I am not gonna lose a friendship or family relationship over this. I get it, not everyone is ready to celebrate  immediately after a courthouse ceremony. Ultimately, this has no effect in my life as a guest even if I had to spend time and money since I will be celebrating with the couple one way or the other. Our officiant said that “20-25 percent” of the weddings he had officiated, the couples had been married prior in the courthouse alone and have asked him to not announce to anyone. I bet most of us here have attended a second ceremony and we just did not know about the first one.
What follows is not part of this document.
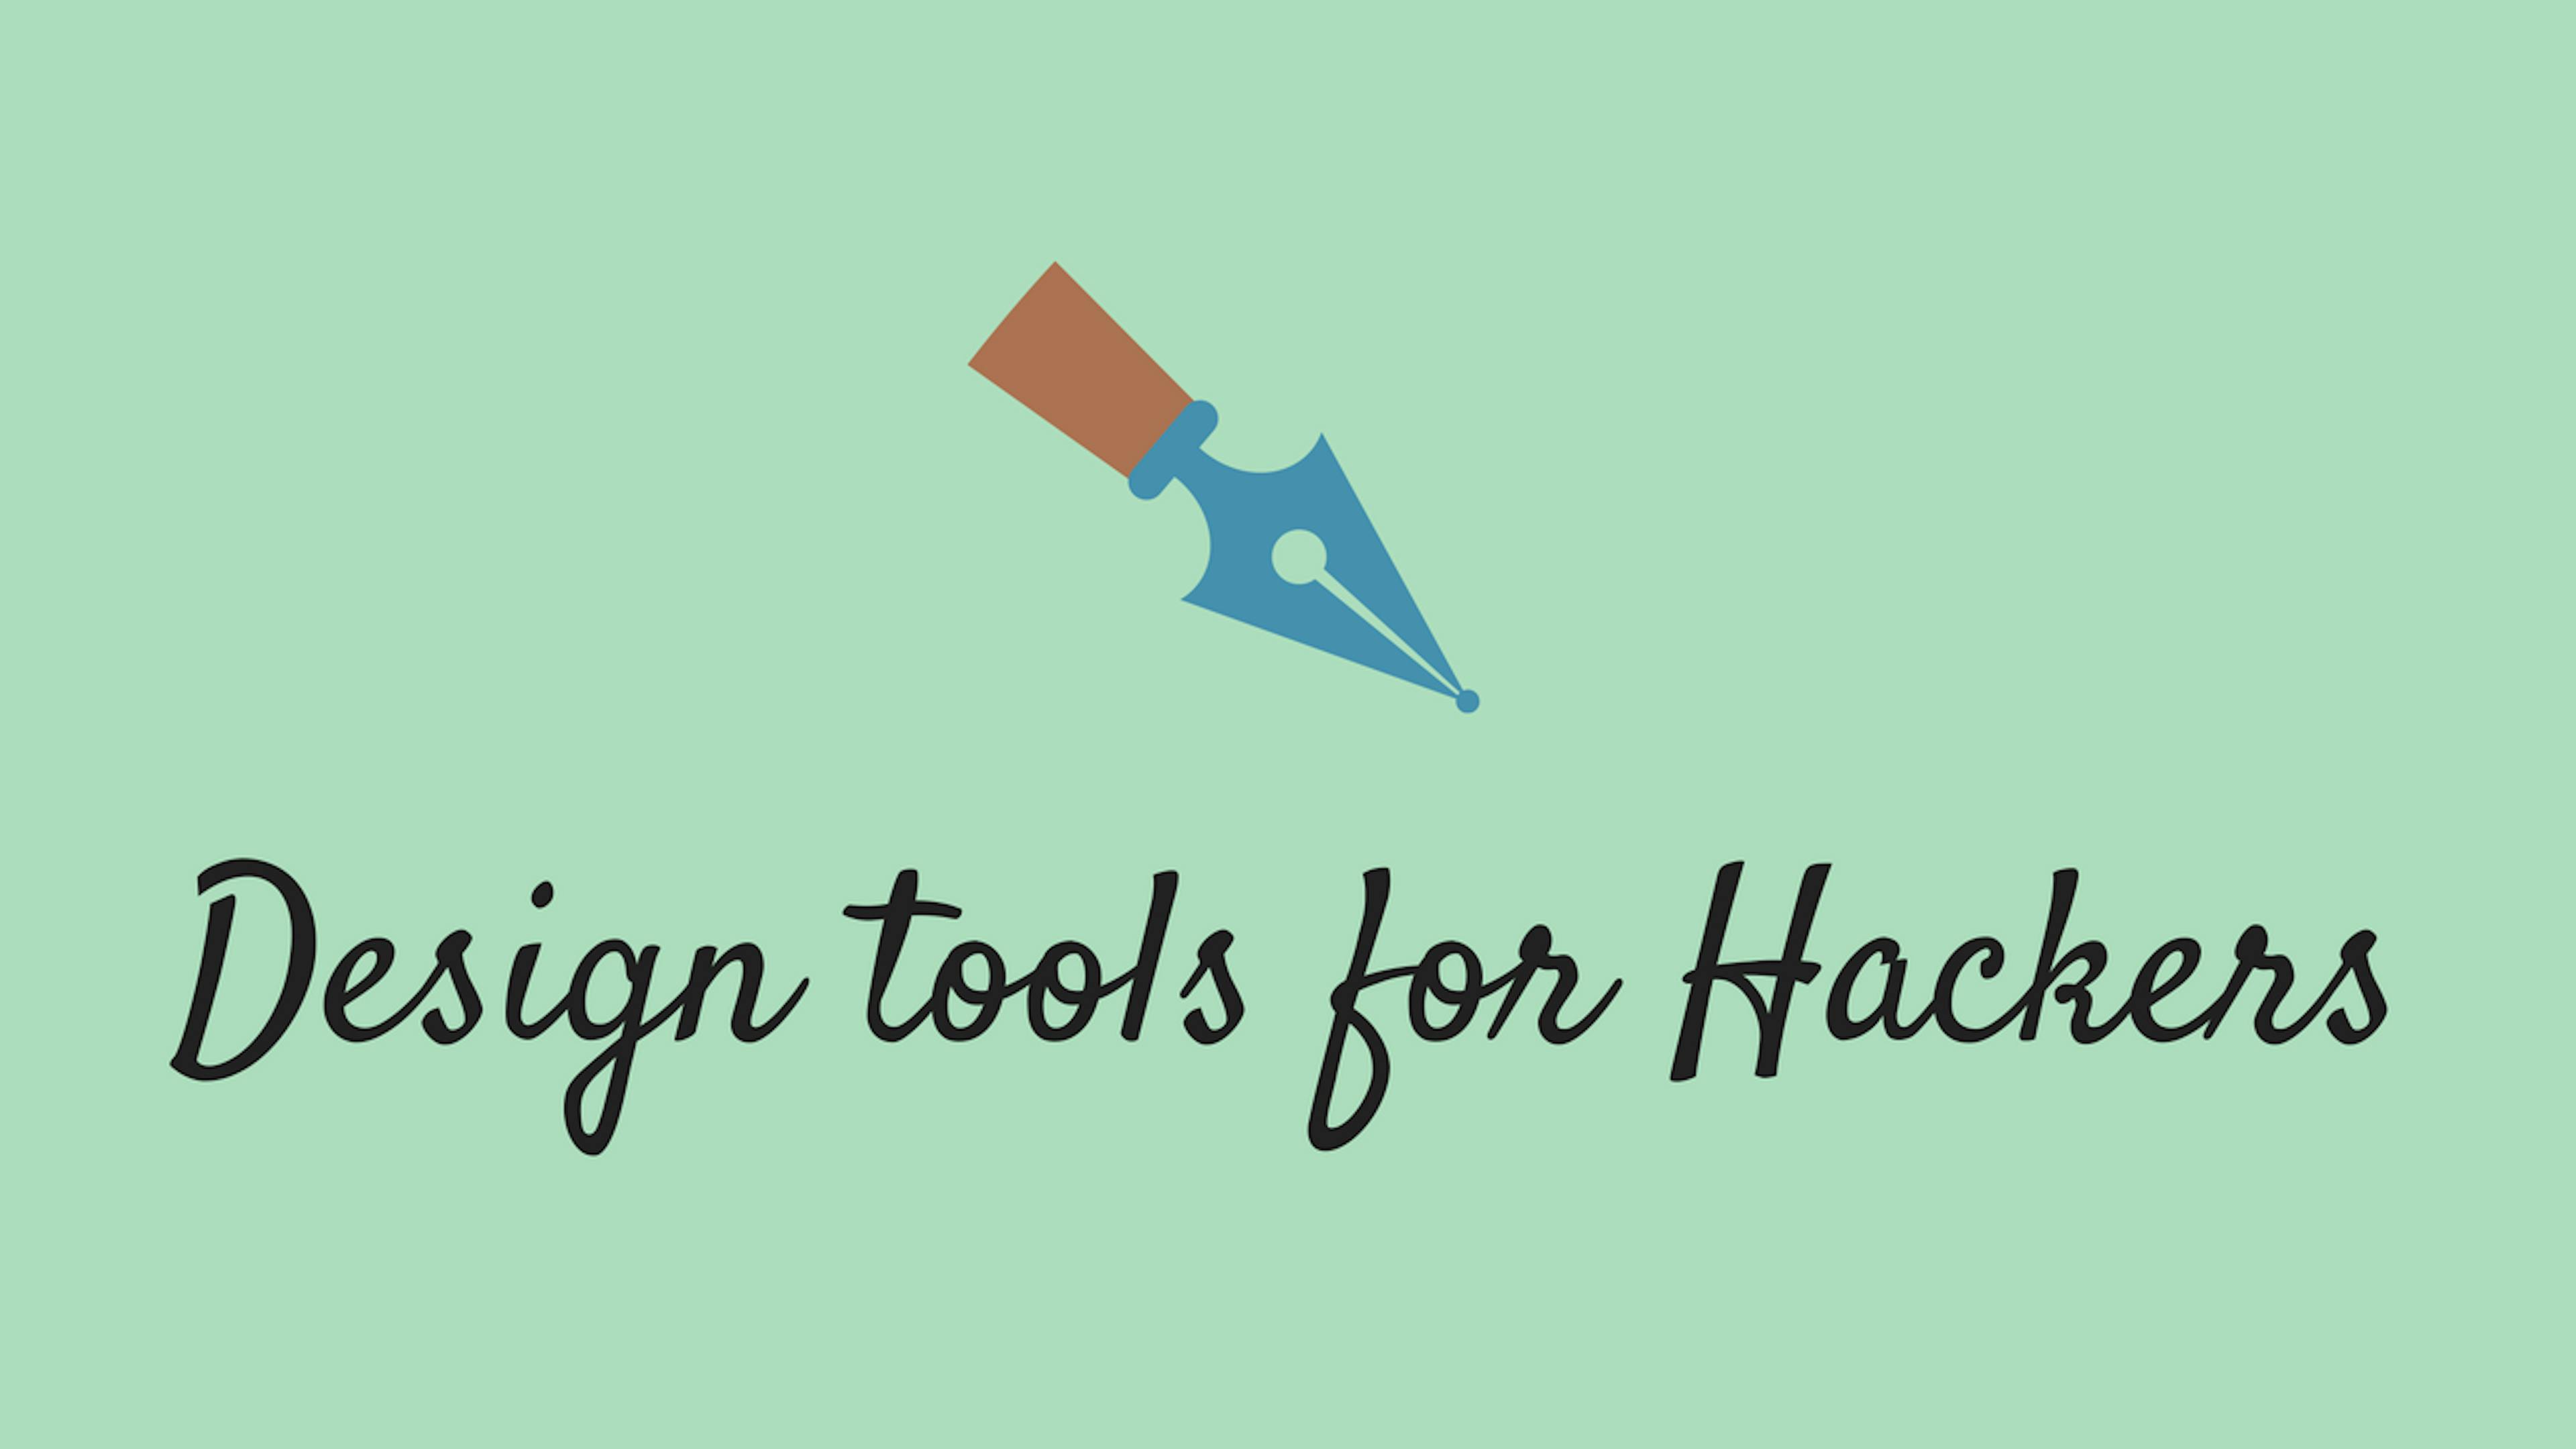 featured image - Graphic Design Tools For Hackers

We could go on and on but ultimately, we all have have different feelings over this. Some will see it as lying and some will not. Perhaps this is why there’s a saying that “Weddings bring out the best and worst out of people” because we just have different expectations.  jellybellynelly :  

Post # 157
Member
551 posts
Busy bee

If a tree gets married in the forest and there’s no one there to witness it……
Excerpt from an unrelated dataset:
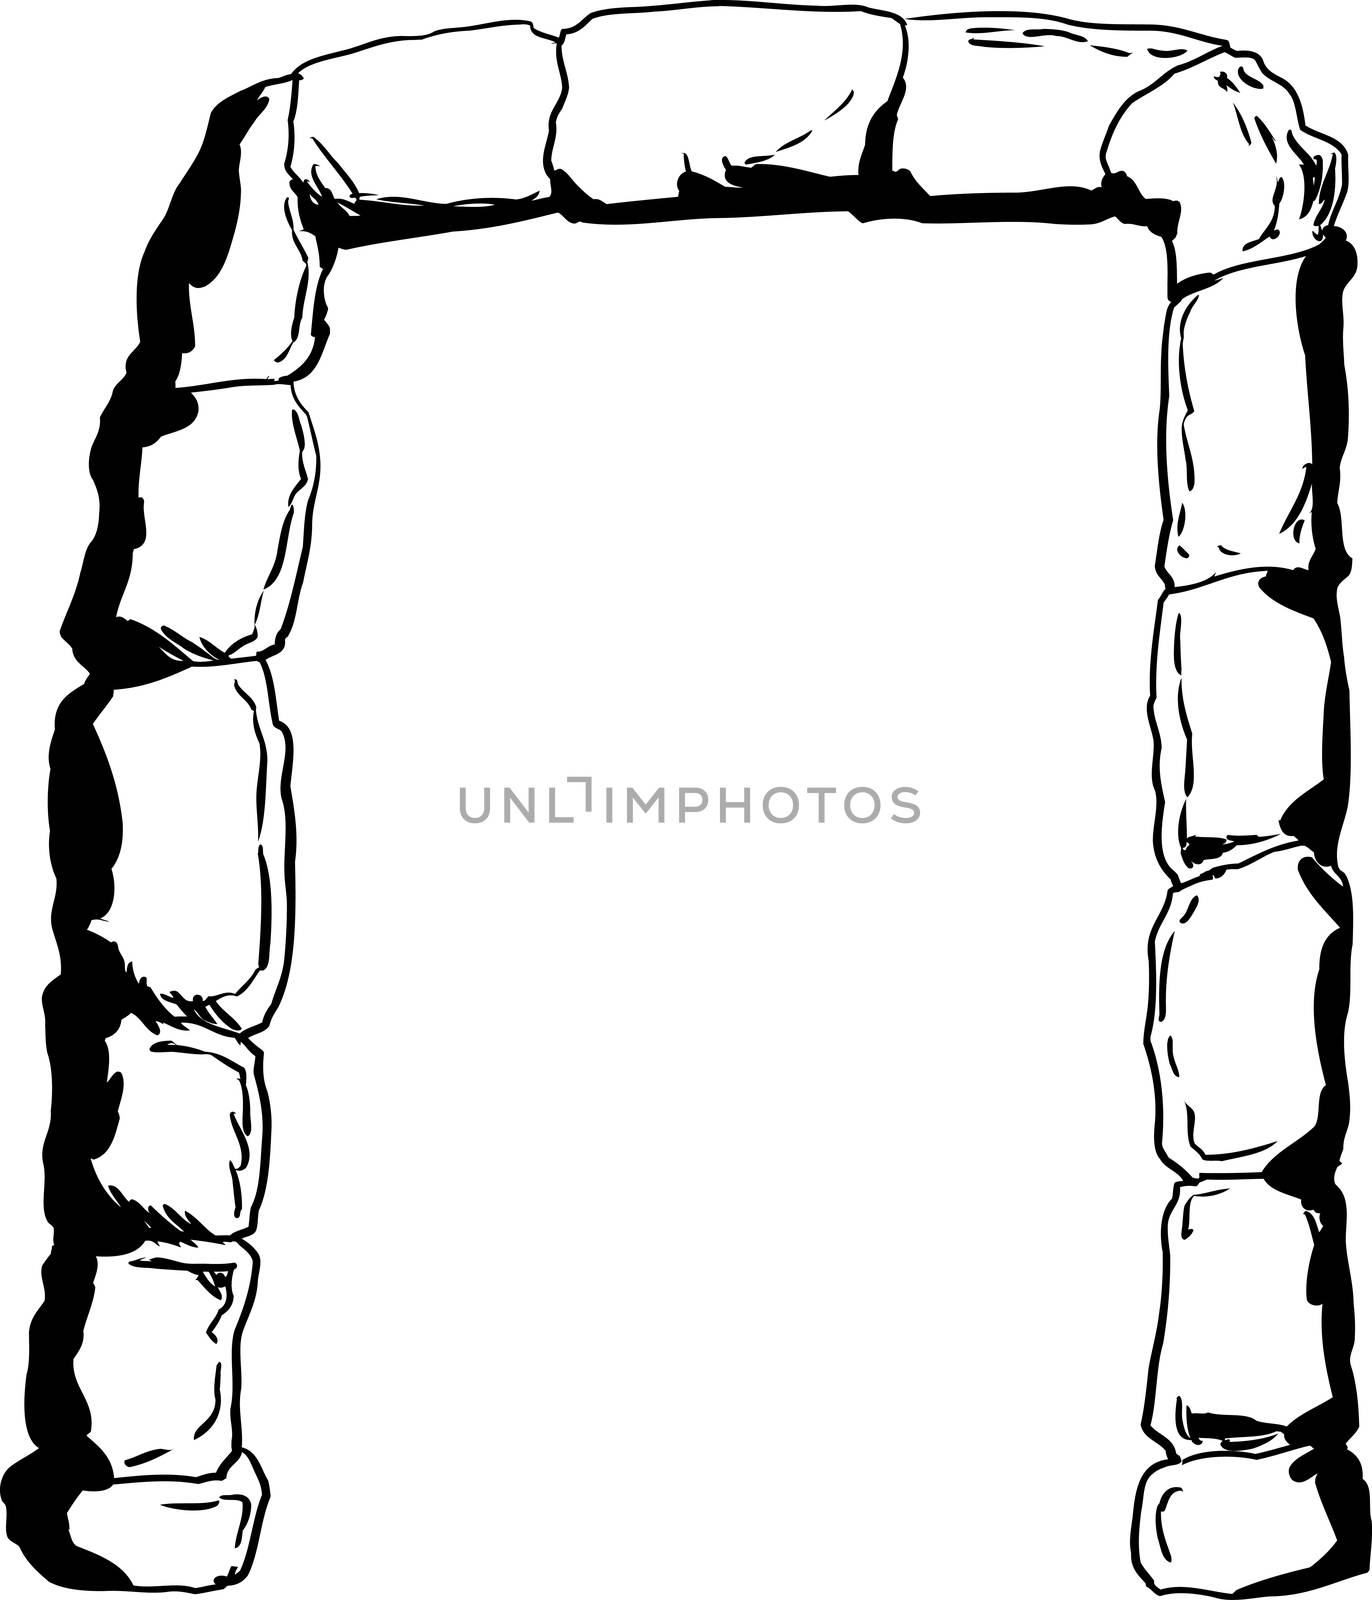 Stones in shape of an arch as portal or doorway outline illustration

20-25%, wow. Just think of all the weddings you’ve ever gone to that weren’t even “real”! *universe implodes*

 

Post # 158
Member
14 posts
Newbee

justanormalgal :  Do you really think people sepnd THOUSANDS of dollars on a big wedding (to exhange their vows in front of people they love the most) to trick people out of gifts? I can understand the lying angle of this…..but not the gifts angle. If people you were super close to go married at the courhouse due to financail issues and told everyone, you honestly wouldn’t go to thier big wedding or bring a gift?

Post # 159
Member
14 posts
Newbee

lifeisbeeutiful :  I completely agree with this! I wouldn’t care to tell people. I personally dont think its a big deal, but obviously by this thread many people do. How devastating to find out half of the people you think are the most important in your life wouldn’t show up or bring a gift to a beautiful celebration (essentially a party that is being paid for that you get to have fun at) of your love! 

Post # 160
Member
8440 posts
Bumble Beekeeper

Bee614 :  

Still missing the oft repeated point. No-one, absolutely no-one, is saying couples shouldn’t do the legal marriage first, and have a celebration (religious or otherwise ) later,  for any reason whatsoever .
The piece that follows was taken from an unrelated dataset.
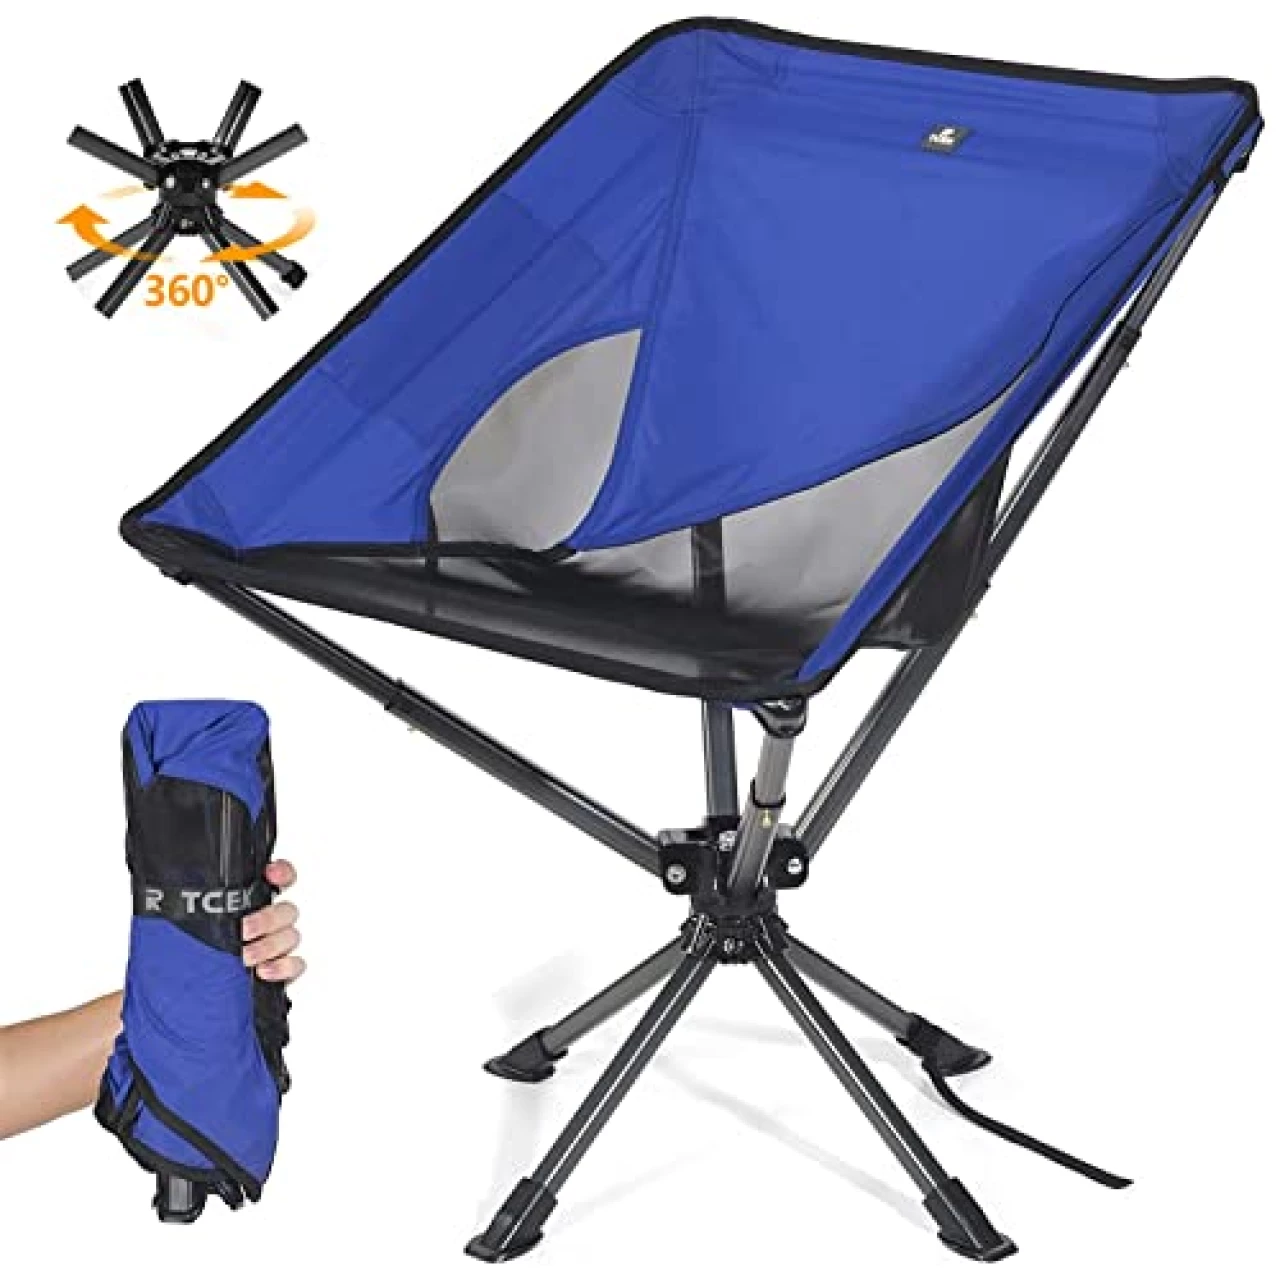 TCEK Swivel Portable Chair Camping Chairs - Small Compact Folding Chair for Adults That Setup in 8 Seconds, Lightweight Outdoor Backpacking Chair for Camp, Travel, Hiking, Beach, Support 300 LBS,Blue

For those cultures where the legal marriage is commonly and usually in advance of the religious ceremony there is probably no need for the couple to say anything as everyone is aware of the arrangements and no deception is involved. 

The issue in this and similar threads is where people (again, for whatever reason, the specific reason   is never the issue, tho the pro secrecy crowd always try to make it so) marry legally, enjoy the social and financial benefits thereof but insist that it isn’t a marriage.

 The argument ranges from not feeling or acting married, to it only being a signature/document/piece of paper etc etc. Legally and socially speaking they simply are married, you don’t need a ring or a dress or a party to be married, but you do need that document if you want your insurance or whatever benefits. That’s because that despised and sidelined document proves you are , you know, married.

People, apart from those mentioned in my first para, who hide this fact are being disingenuous to say the least. This and pretty much this alone is what people object to, that the lie by omission means they are not in an informed position  to choose to attend. This goes quadruple for DW’s. 

Post # 161
Member
273 posts
Helper bee
  • Wedding: September 2020

Showers don’t have to be before someone is married – the idea is showering someone with gifts, whether for marriage or a baby. Sounds like they could still use a lot of things to set up their life together and could benefit from the generosity of friends/family, regardless of whether they’ve signed their marriage license or not. I would put the relationship with my SIL first.

Post # 162
Member
971 posts
Busy bee

megm1099 :  One legal reason to marry would be that married couples do not have to testify against one another.